Closed FeLoe closed 6 years ago
It seems we cannot reproduce the error, seems to work fine? @FeLoe , is this still an issue on your system? If so, can you post more info on the bug, and otherwise close the issue? Thanks!!
Also works on the server and in @mariekevh 's virtual box
hm.. whenever I run the scraper (myinca.rssscrapers.volkskrant(save = True)) I get this:
ValueError Traceback (most recent call last)
<ipython-input-5-08f10522bb1c> in <module>()
----> 1 myinca.rssscrapers.volkskrant(save = True)
~/inca_test/inca/inca/__main__.py in endpoint(*args, **kwargs)
255 else:
256 def endpoint(*args, **kwargs):
--> 257 return method(*args, **kwargs)
258 return endpoint
259
~/inca_test/inca/inca/core/document_class.py in runwrap(self, action, *args, **kwargs)
37 '''
38 if action == 'run':
---> 39 return self.run(*args, **kwargs)
40
41 if action == 'delay':
~/inca_test/inca/inca/core/scraper_class.py in run(self, save, *args, **kwargs)

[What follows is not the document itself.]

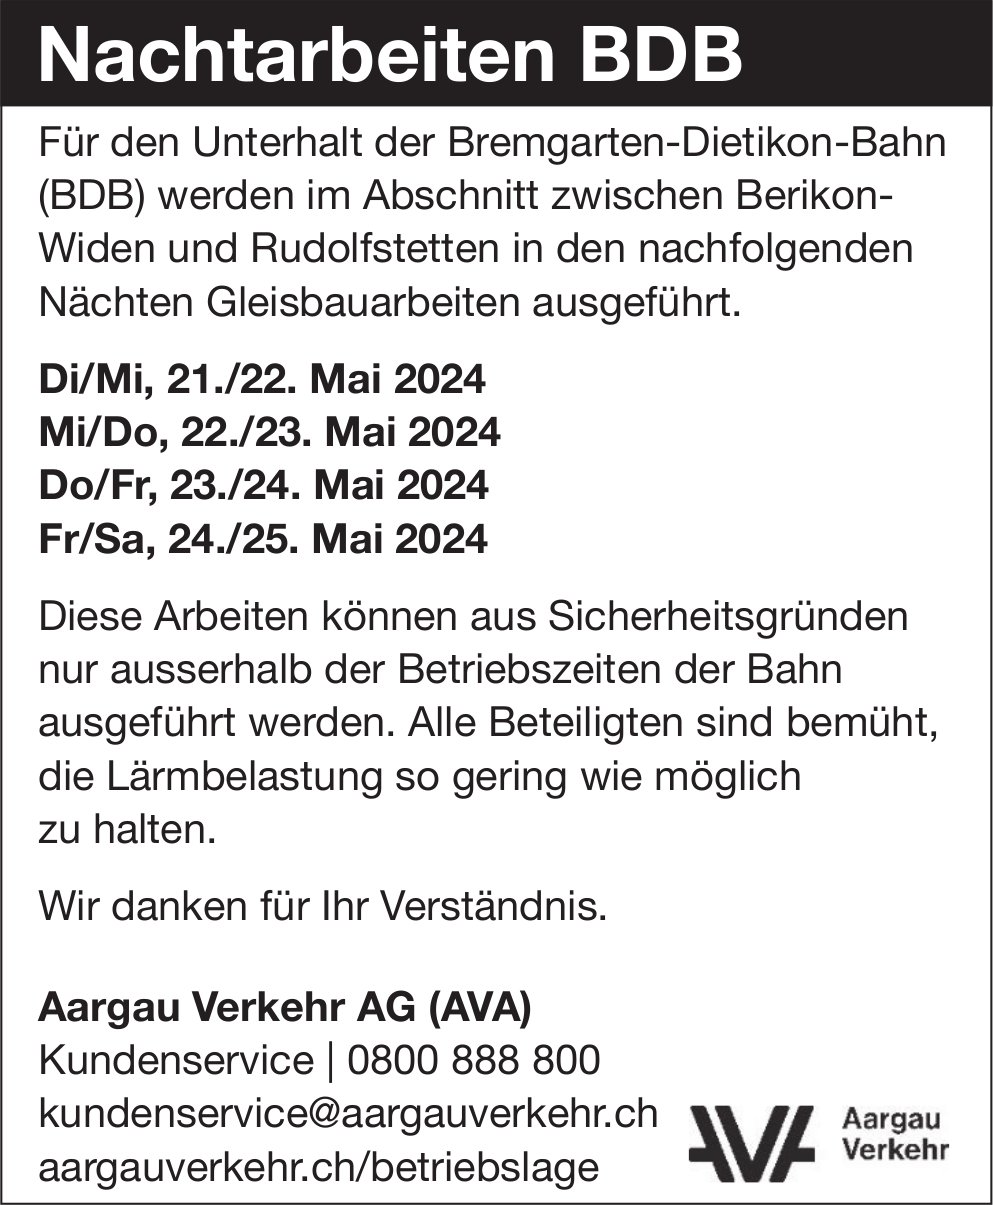 Berikon-Widen und Rudolfstetten - Aargau Verkehr AG, Nachtarbeiten BDB, 21. bis 25. Mai

74 logger.info("Started scraping")
75 if save == True:
---> 76 for doc in self.get(save, *args, **kwargs):
77 if type(doc)==dict:
78 doc = self._add_metadata(doc)
~/inca_test/inca/inca/scrapers/rss_scraper.py in get(self, save, **kwargs)
86 # do not want to look something up in the database. We therefore also retrieve it in
87 # that case.
---> 88 if save==False or check_exists(_id)[0]==False:
89 try:
90 req=urllib2.Request(link, headers={'User-Agent' : "Wget/1.9"})

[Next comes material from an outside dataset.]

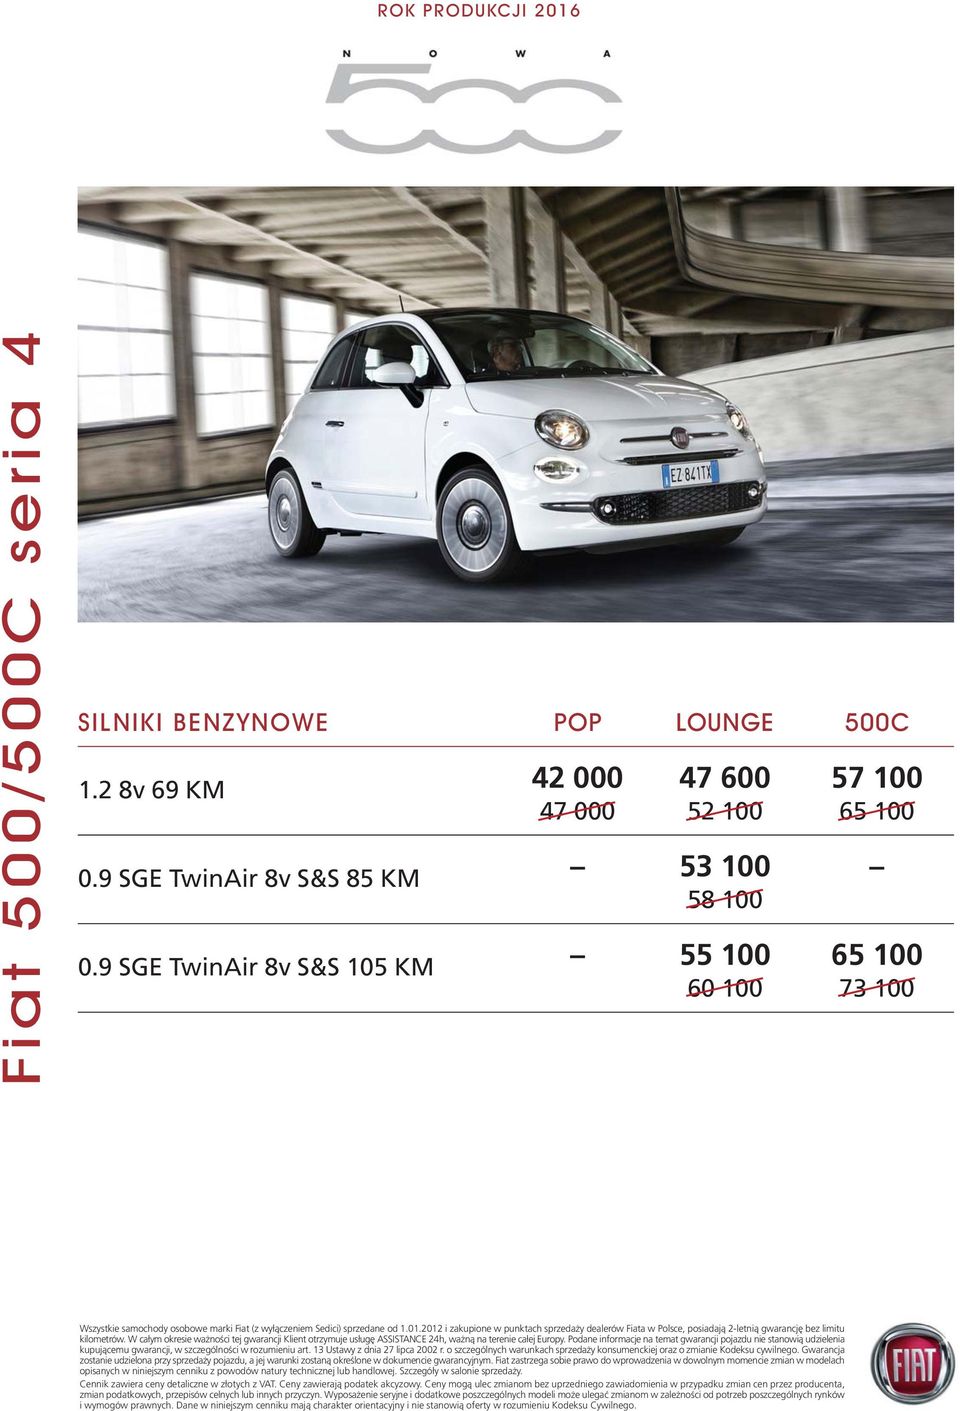 2012 i zakupione w punktach sprzedaży dealerów Fiata w Polsce, posiadają 2-letnią gwarancję bez limitu kilometrów.

~/inca_test/inca/inca/core/database.py in check_exists(document_id)
61 index = elastic_index
62 try:
---> 63 retrieved = client.get(elastic_index,doc_type='_all', id=document_id)
64 logger.debug('elastic_index {index} - document [{document_id}] found, return document'.format(**locals()))
65 return True, retrieved
/usr/local/lib/python3.5/dist-packages/elasticsearch/client/utils.py in _wrapped(*args, **kwargs)
74 if p in kwargs:
75 params[p] = kwargs.pop(p)
---> 76 return func(*args, params=params, **kwargs)
77 return _wrapped
78 return _wrapper
/usr/local/lib/python3.5/dist-packages/elasticsearch/client/__init__.py in get(self, index, doc_type, id, params)
407 for param in (index, doc_type, id):
408 if param in SKIP_IN_PATH:
--> 409 raise ValueError("Empty value passed for a required argument.")
410 return self.transport.perform_request('GET', _make_path(index,
411 doc_type, id), params=params)
ValueError: Empty value passed for a required argument.
Never happens with other scrapers - or am I doing anything wrong?
We tried it with save=False, Could that be why it works? (I don't have my laptop with me right now. Can't test it.)
Well, with save = False it always worked for me ;) The traceback also shows some elastic search issues with it (which I don't get because they should not be specific to the Volkskrant scraper?)
Running the volkskrantscraper throws an error, needs to be fixed.